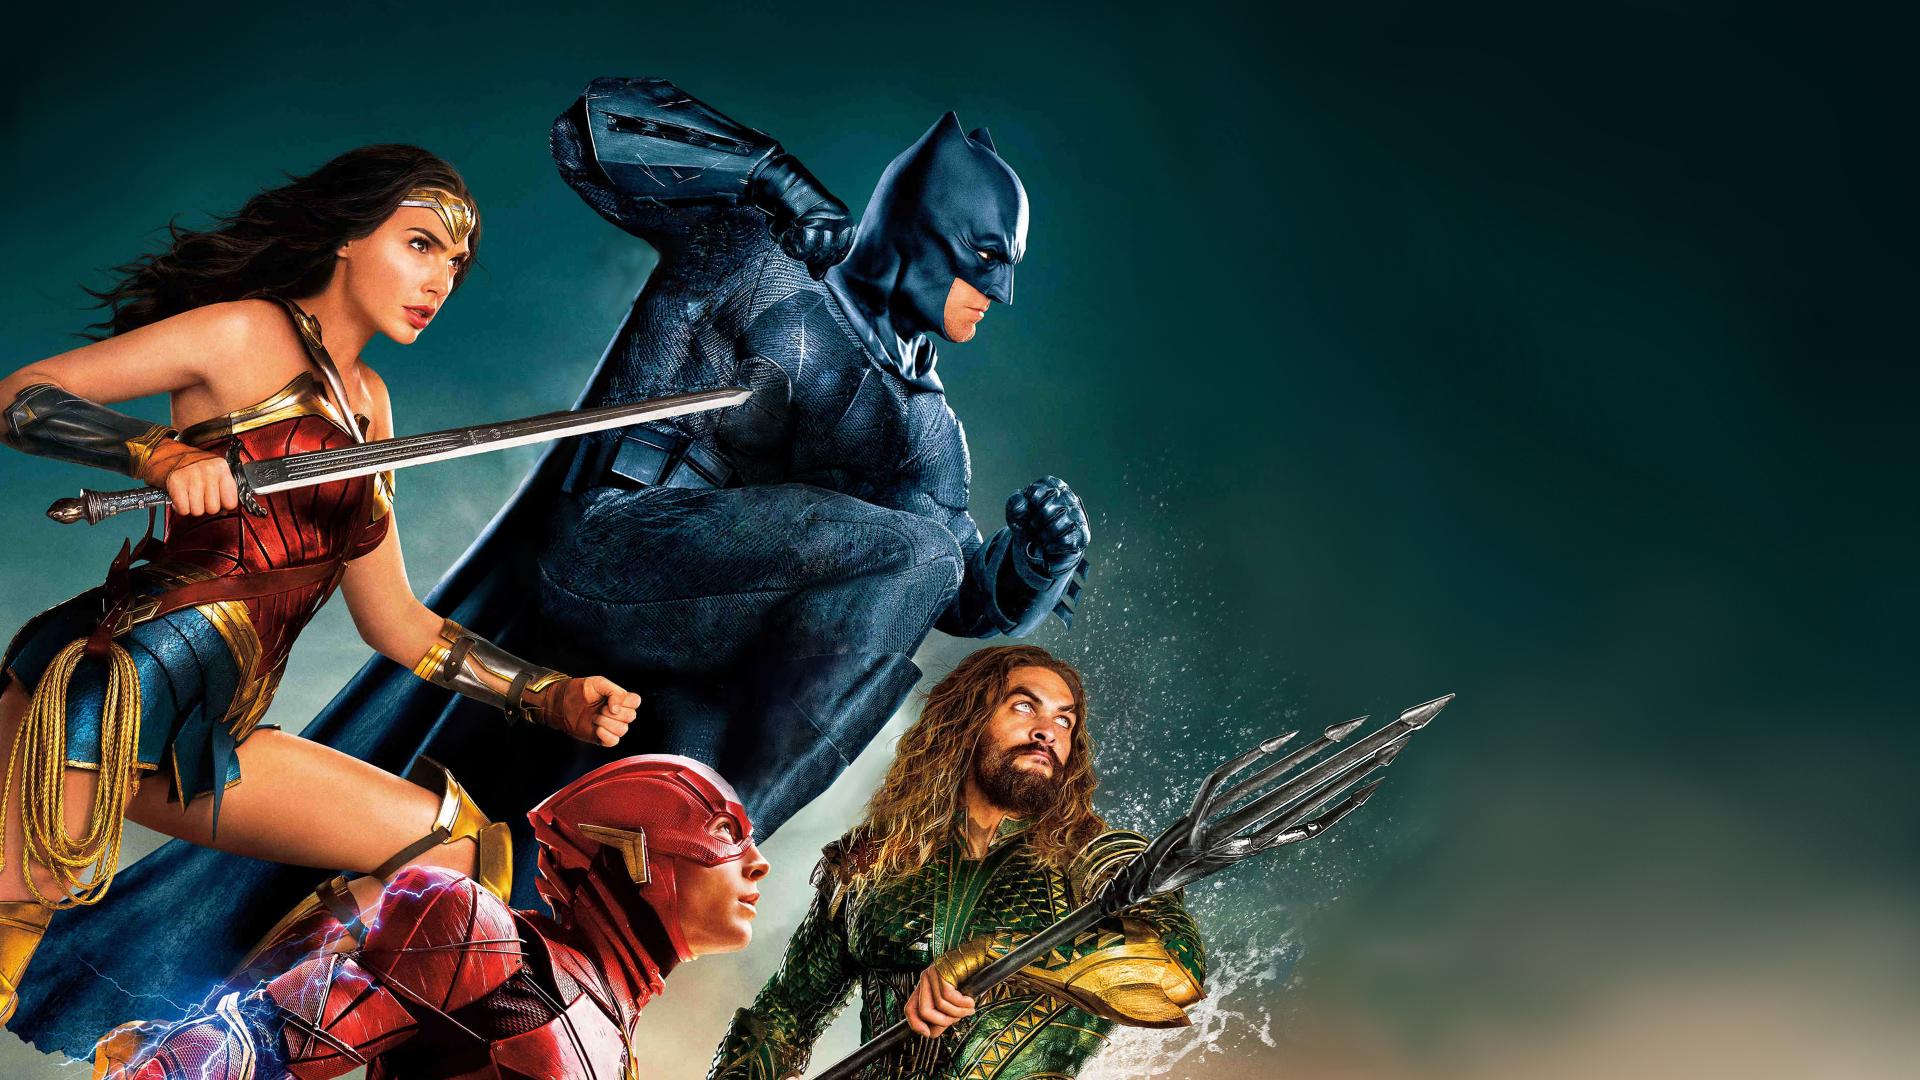 Download 1920x1080 Wallpaper Justice League Batman Wonder Woman
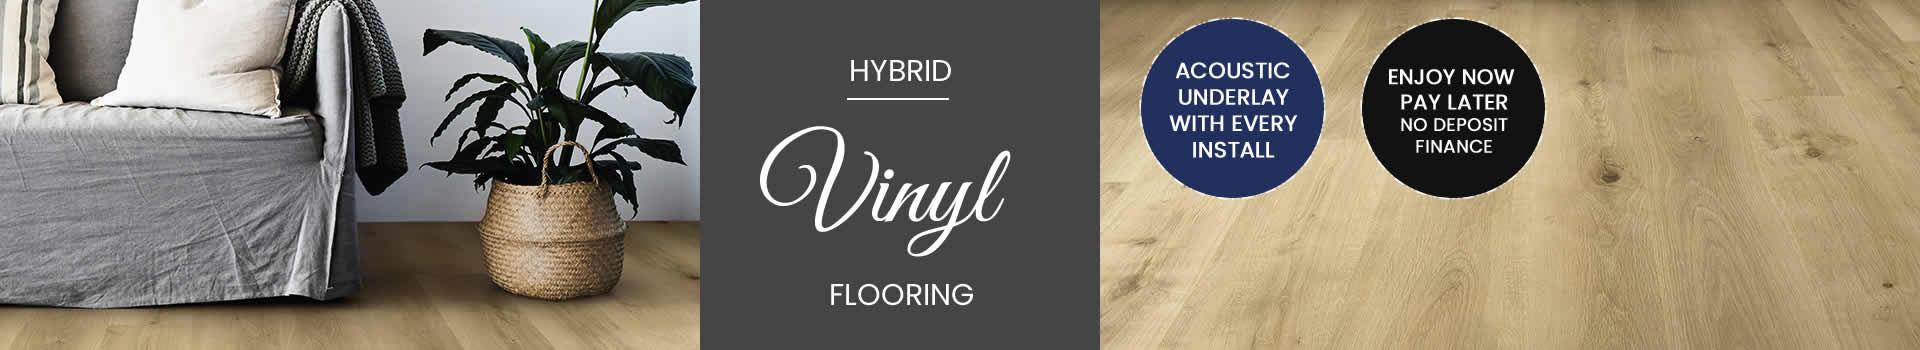 Melbourne Hybrid vinyl planks
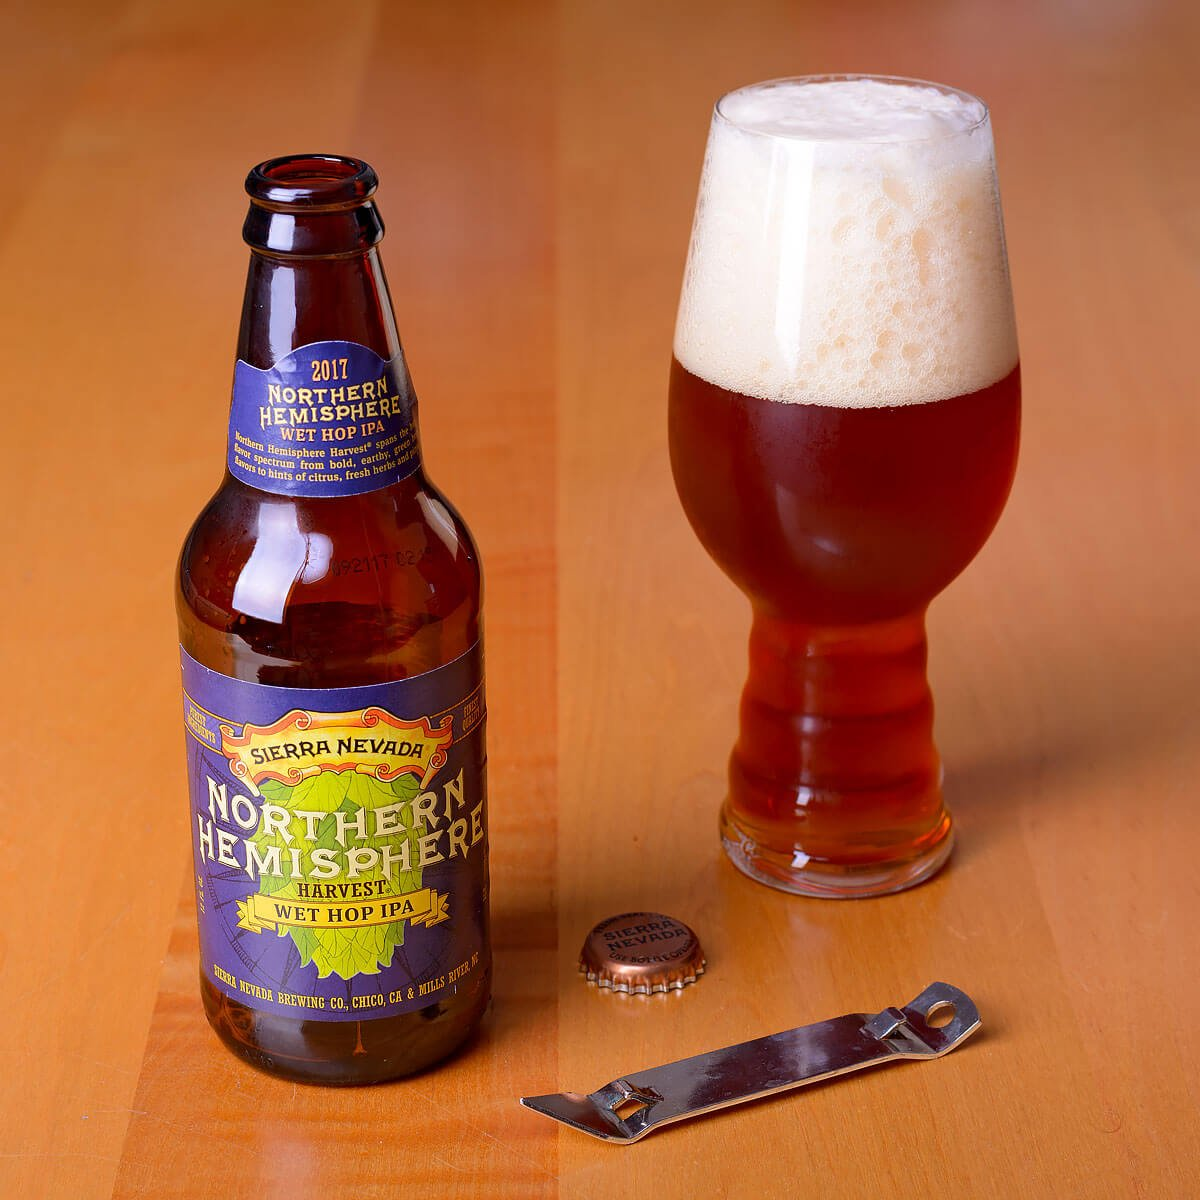 Northern Hemisphere Harvest, an American IPA by Sierra Nevada Brewing Co.
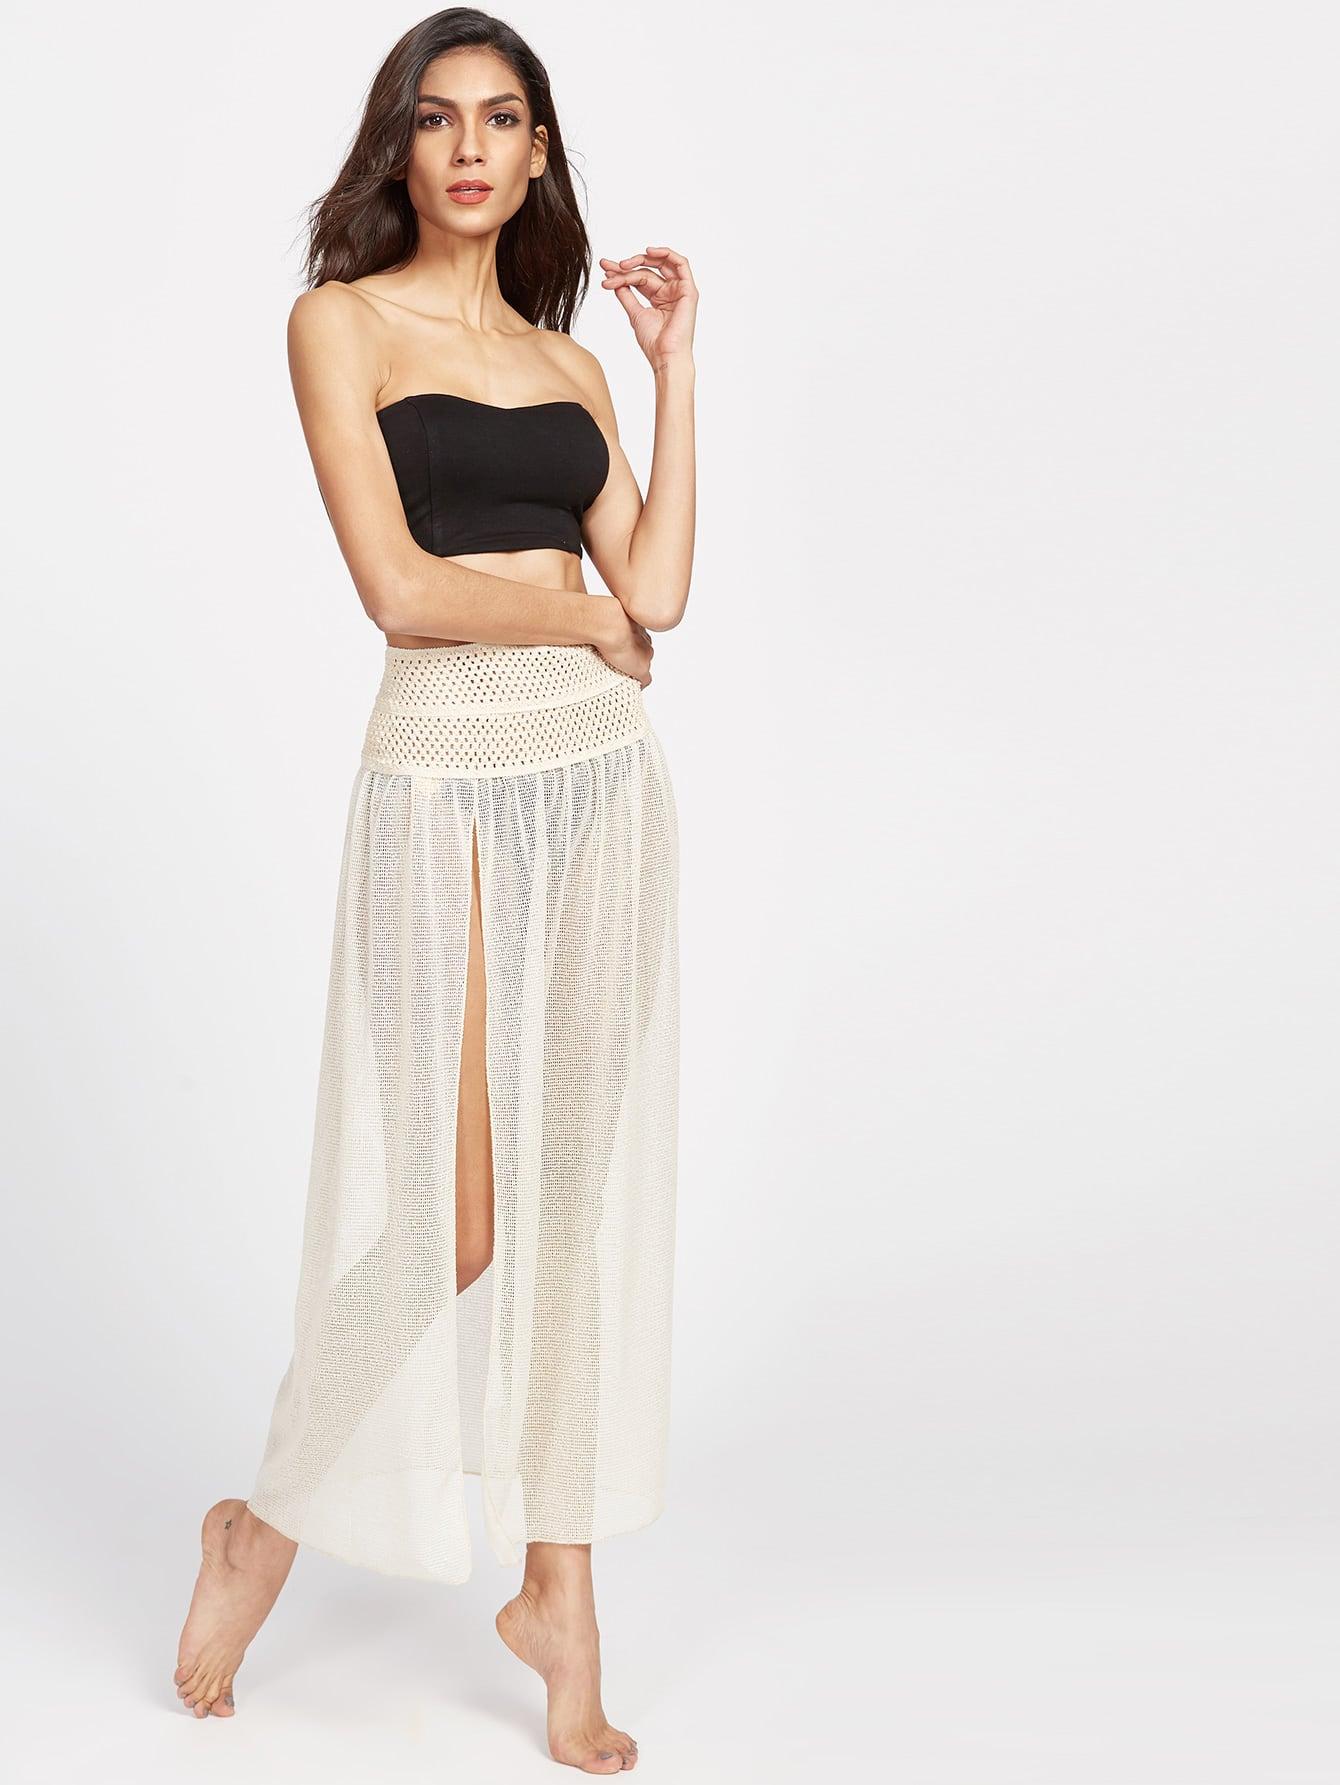 Beige Eyelet Lace High Slit Two Way Wear Skirt

WHAT IS NEEDED
Pictures are to be left out, and each line from the one that contains "Northern Hemisphere Harvest, an" through the end of the listing is to be copied exactly.

ANSWER BOX
 Northern Hemisphere Harvest, an American IPA by Sierra Nevada Brewing Co.
 Beige Eyelet Lace High Slit Two Way Wear Skirt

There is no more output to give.